I just got rid of my '94 Buick Skylark because it had become a piece of junk.  It looked nice (given that they were actually ugly even when brand new), but there were too many non-maintenance-related issues (a loose steering wheel and a bad torque converter solenoid were the biggest culprits) whose repair was beyond the value of the car.  It had 130,000 miles.  Now, 1994 aint brand new, but it's still pretty close to the modern era.  And there are an awful lot of modern cars that aren't lasting a whole lot more than 130,000 miles.  ARE modern cars really lasting longer than older ones?

This is kind of interesting for discussion: If you bought an old Benz (as we all have), what made you decide the car was reliable and roadworthy?  I mean, my car is 28 years old; doesn't it like belong in a museum or something?  For me, the biggest reason I trusted a 1977 Mercedes with 124,000 miles is because I've HAD SEVERAL 70's American cars that made that distance and a lot more easily - and I believed that Mercedes quality was even better.  Are new cars really that much better?  Not judging by my Skylark, they aint!  And at least when I look at my 450 SEL motor, I have some idea of what in the world I'm looking at; new cars have increasingly taken even basic maintenance out of owners' hands.

I'm with Styria.  I don't need most of the high-tech garbage they're putting on new cars.  And it seems like that's the biggest difference between older cars and newer ones.  New cars definitely get better mileage and better smog performace.  But in most respects I think that new cars are kind of disappoining performance-wise compared to what they could have been after 30 years of engineering.  I actually think the fact that Mercedes is so "top end" - and so has the most high-end and high-tech luxury systems - is one of the reasons they're having reliability issues.  Maybe microchips and cars don't mix as well as a lot of people think.

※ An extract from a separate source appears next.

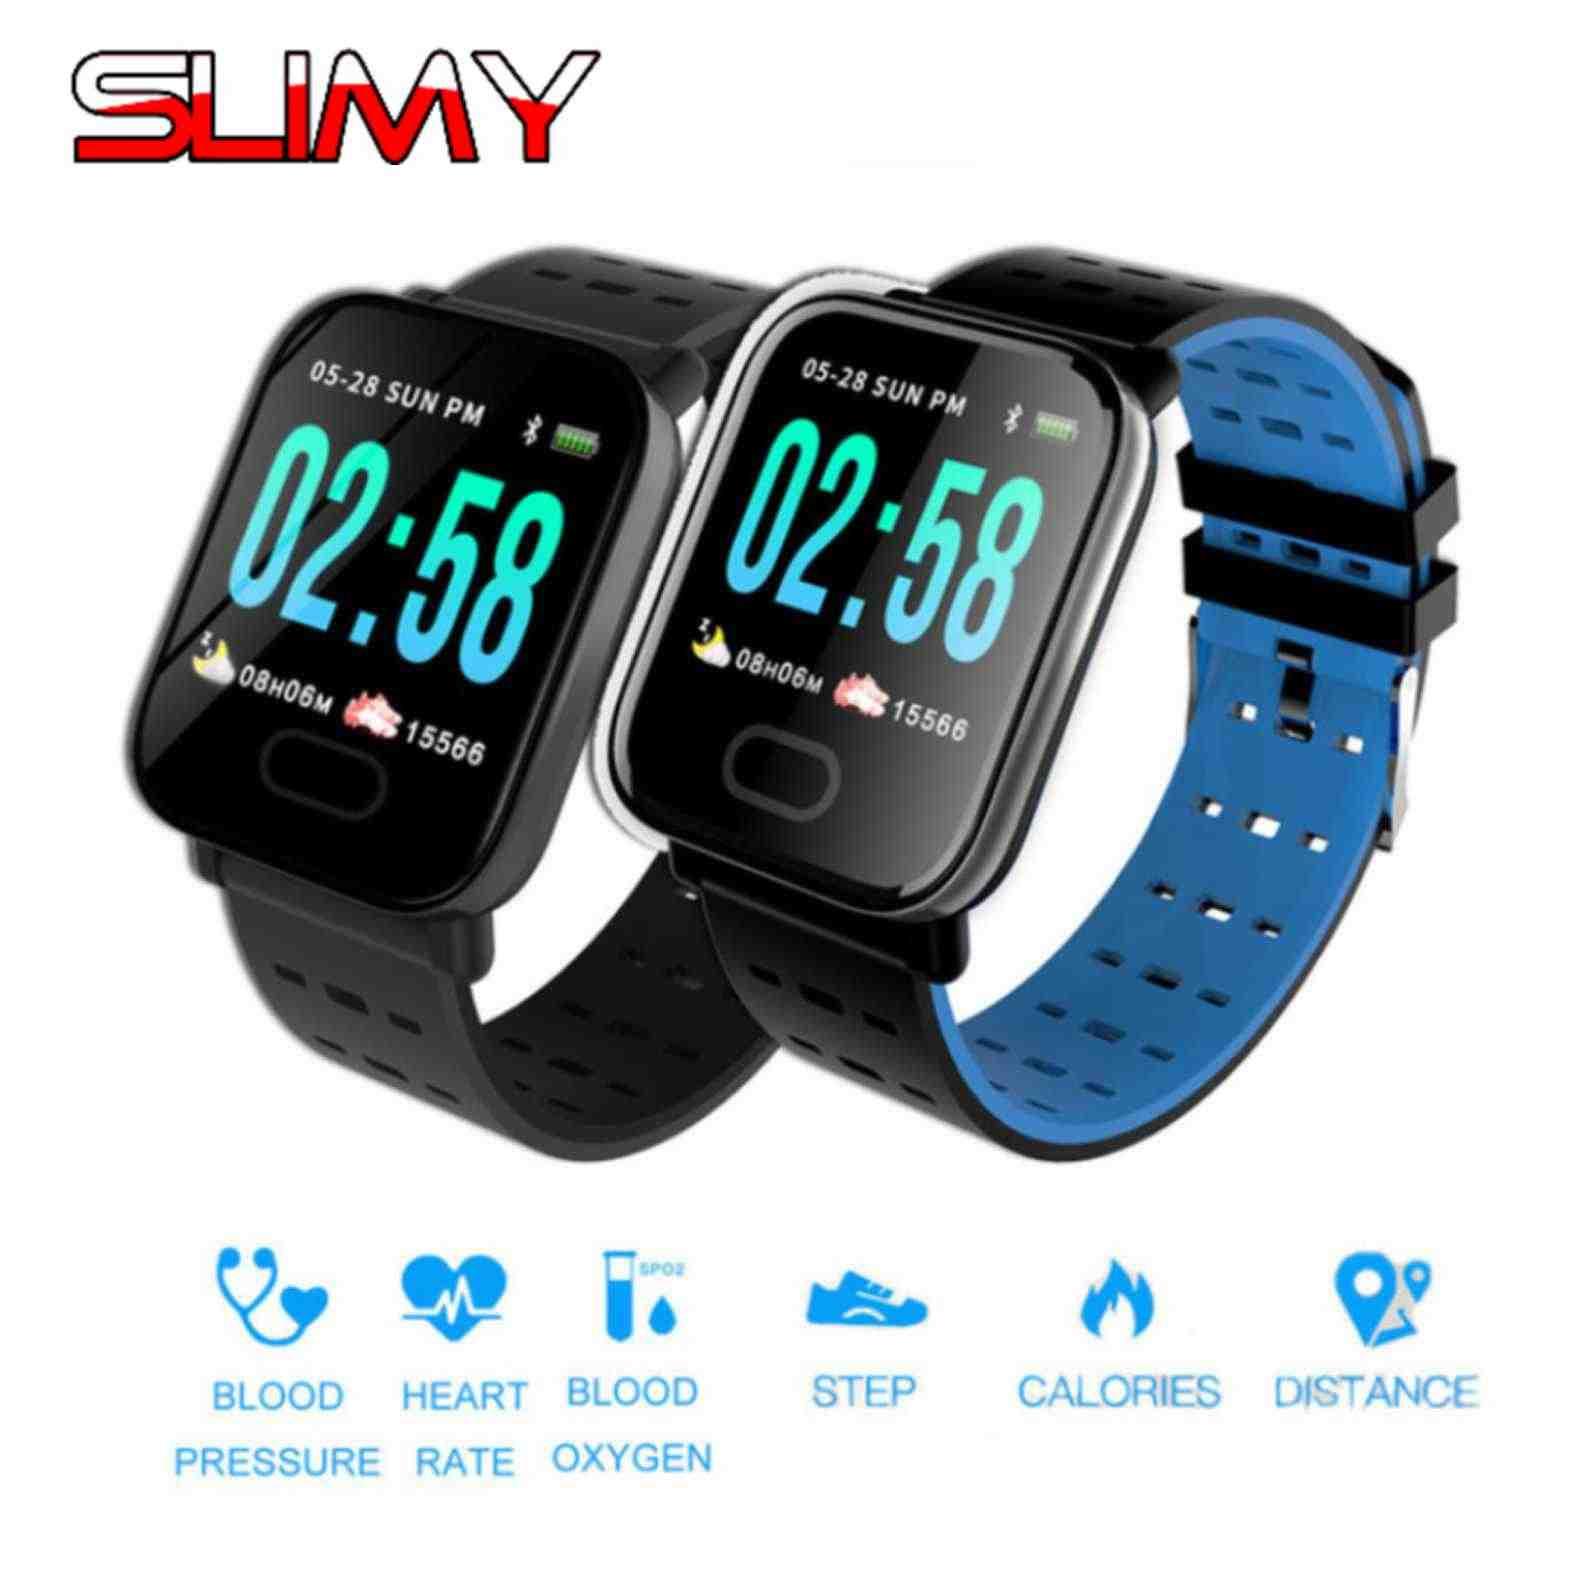 Viscoso a6 pressão arterial relógio inteligente tela colorida fitness atividade rastreador monitor de freqüência cardíaca esportes smartwatch à prova dpk água pk q8

Our cars performance (other than fuel efficiency  :'() haven't given up a whole lot in comparison with most of today's cars.  My 450 might not be the fastest thing out of the stoplight, but it wasn't desgined to be.  Rather, it was designed to pull hard from its mid and upper end, cruise at 120 mph, and go up to 134-137 mph with a hundred rpm from redline to spare.  Aint too many modern cars doing much better than that!  My M117 is a darned sight stronger than either my 90 Cadillac with a 5.7L, my 92 Lincoln Town Car with a 4.6L, or the Skylark with its 3.1 v6.  And I feel pretty good about my 4-wheel disc brakes and my zero-offset front and anti-squat rear suspension [my brother, who drives a '05 high-end Infinity, made the comment that my Benz has a real nice ride quality].  Frankly, I almost feel like I'd be getting LESS performance for just about any new car that I could afford.